Given that the exemplar was of this two-prime form, I suspected that might be on the right track as Euler is quite good on giving clues like this.

So the next step was to determine which primes might be eligible for calculation. As mentioned earlier, I wanted them both to be as large as possible and so it makes sense to concentrate around the square root of the limit given (107). I decided to give it 30% either way from the square root and expand outwards if necessary. The square root of 107 is 3162.28 so that meant creating primes running from 2213-4111 (in which there happens to be only 236 primes). I did this using the normal sieve method before constructing the list from it.

It was then just a case of running through the 27,730 combinations of primes, some of which would exceed the limit and could be quickly discarded, and doing the necessary calculations.

def LIMIT = 10000000
def UPRIME=(int)Math.ceil((Math.sqrt(LIMIT) * 1.3))
def LPRIME=(int)Math.floor((Math.sqrt(LIMIT) * 0.7))

def isPrime = new boolean[UPRIME]
Arrays.fill(isPrime, true)
(0..1).each { isPrime[it] = false }

for (i in 2..<Math.sqrt(UPRIME)) {
  if (!isPrime[i]) continue
  def j = i + i
  while (j < UPRIME) {
    isPrime[j] = false
    j += i
  }
}

def primes = []
for (i in LPRIME..<UPRIME) { if (isPrime[i]) primes << i }

def ( answer, min ) = [ 0, Double.MAX_VALUE ]

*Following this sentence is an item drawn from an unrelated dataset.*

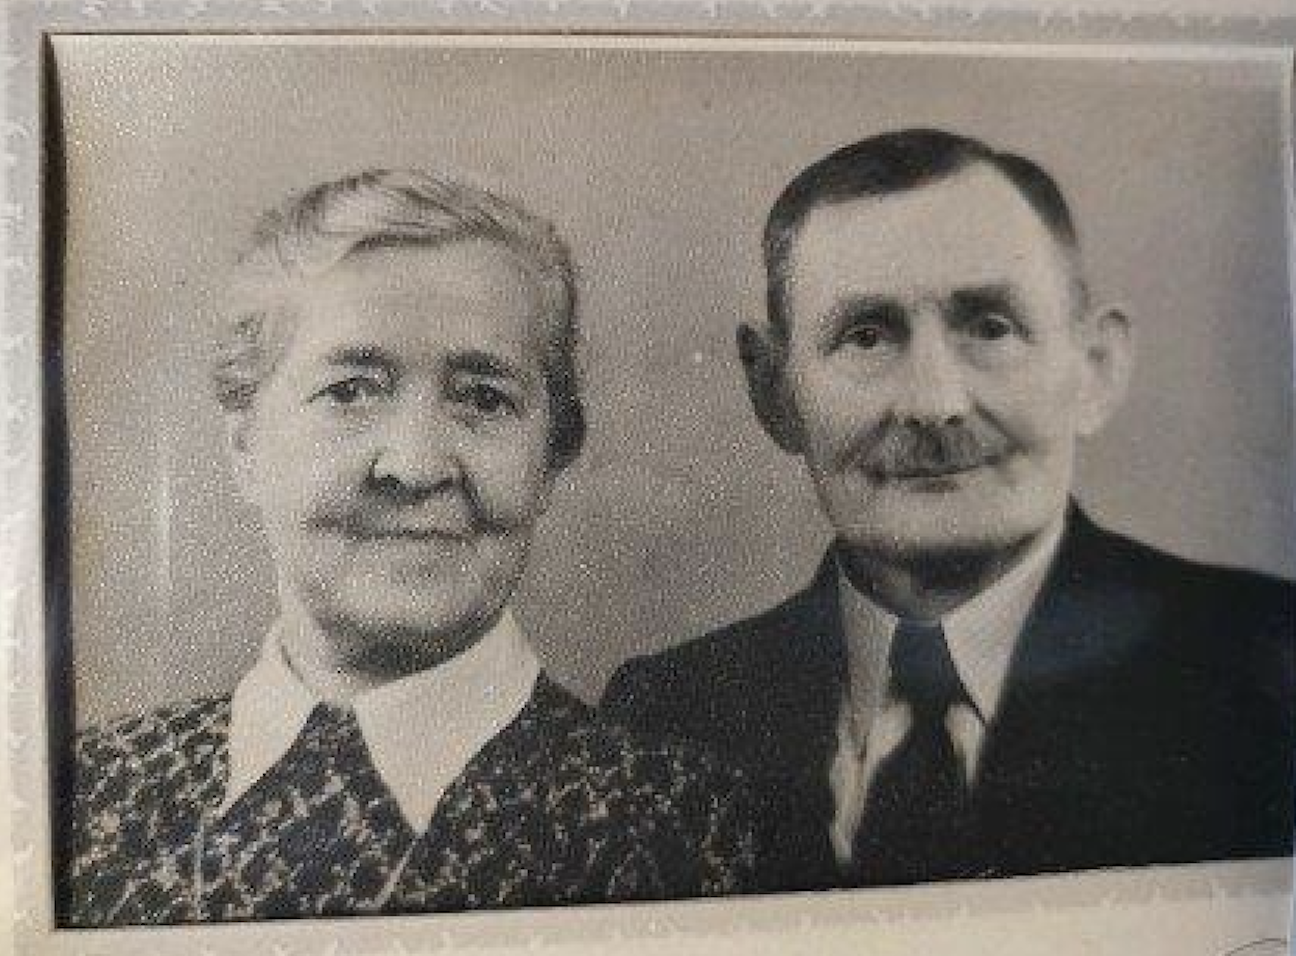 De ouders van mijn grootvader: Hakan en Emma

for (i in 0..<primes.size()-1) {
  for (j in i+1..<primes.size()) {
    def n = primes[i] * primes[j]
    if (n > LIMIT) break
    def phi = (primes[i]-1) * (primes[j]-1)
    if (n.toString().toList().sort().join()
        == phi.toString().toList().sort().join()) {
      def ratio = n / phi
      if ( ratio < min ) ( answer, min ) = [ n, ratio ]
    }
  }
}

This runs in a quite satisfactory, and quite surprising quick, 0.26 seconds. Though I must admit that I was somewhat lucky with the bounds of the primes. A Java version, using an int array rather than list for the primes, but otherwise the same logic runs in 13 ms – so around 20x faster.

Special Note: This was my 100th correctly answered question, so I’m now in the Hall of Fame albeit as a n00b Novice, being ranked at 115/2292 in England.

Conclusion

Groovy was useful in creating the check for a permutation but I steered mostly clear of listops & syntactic sugar as I was concerned, perhaps needlessly as it turned out, about performance.

Project Euler Problem #67

February 8, 2010

Read the details of the problem here

Summary

Using an efficient algorithm find the maximal sum in the triangle?

Solution

This is just a larger version of the problem first introduced in Problem 18 and the algorithm and code I used for that was suitable for this problem too. For details on that see my previous post for a solution.

def tiers = []
new File("triangle.txt").eachLine { line ->
    tiers << line.trim().split(" ")*.toInteger()
}

(tiers.size()-2).downto(0) { row ->
    for (i in 0..<tiers[row].size()) {
        tiers[row][i] += [tiers[row+1][i], tiers[row+1][i+1]].max()
    }
}

def answer = tiers[0][0]

Runs in 0.69 seconds so the algorithm scaled sufficiently.

Conclusion

Groovy made it easy to create a ragged array from the data, the [] operator overrides for the lists in the array kept the syntax terse when accessing the elements and the max() method kept the solution clean of noise. All-in-all much better than Java for code clarity and time to implement.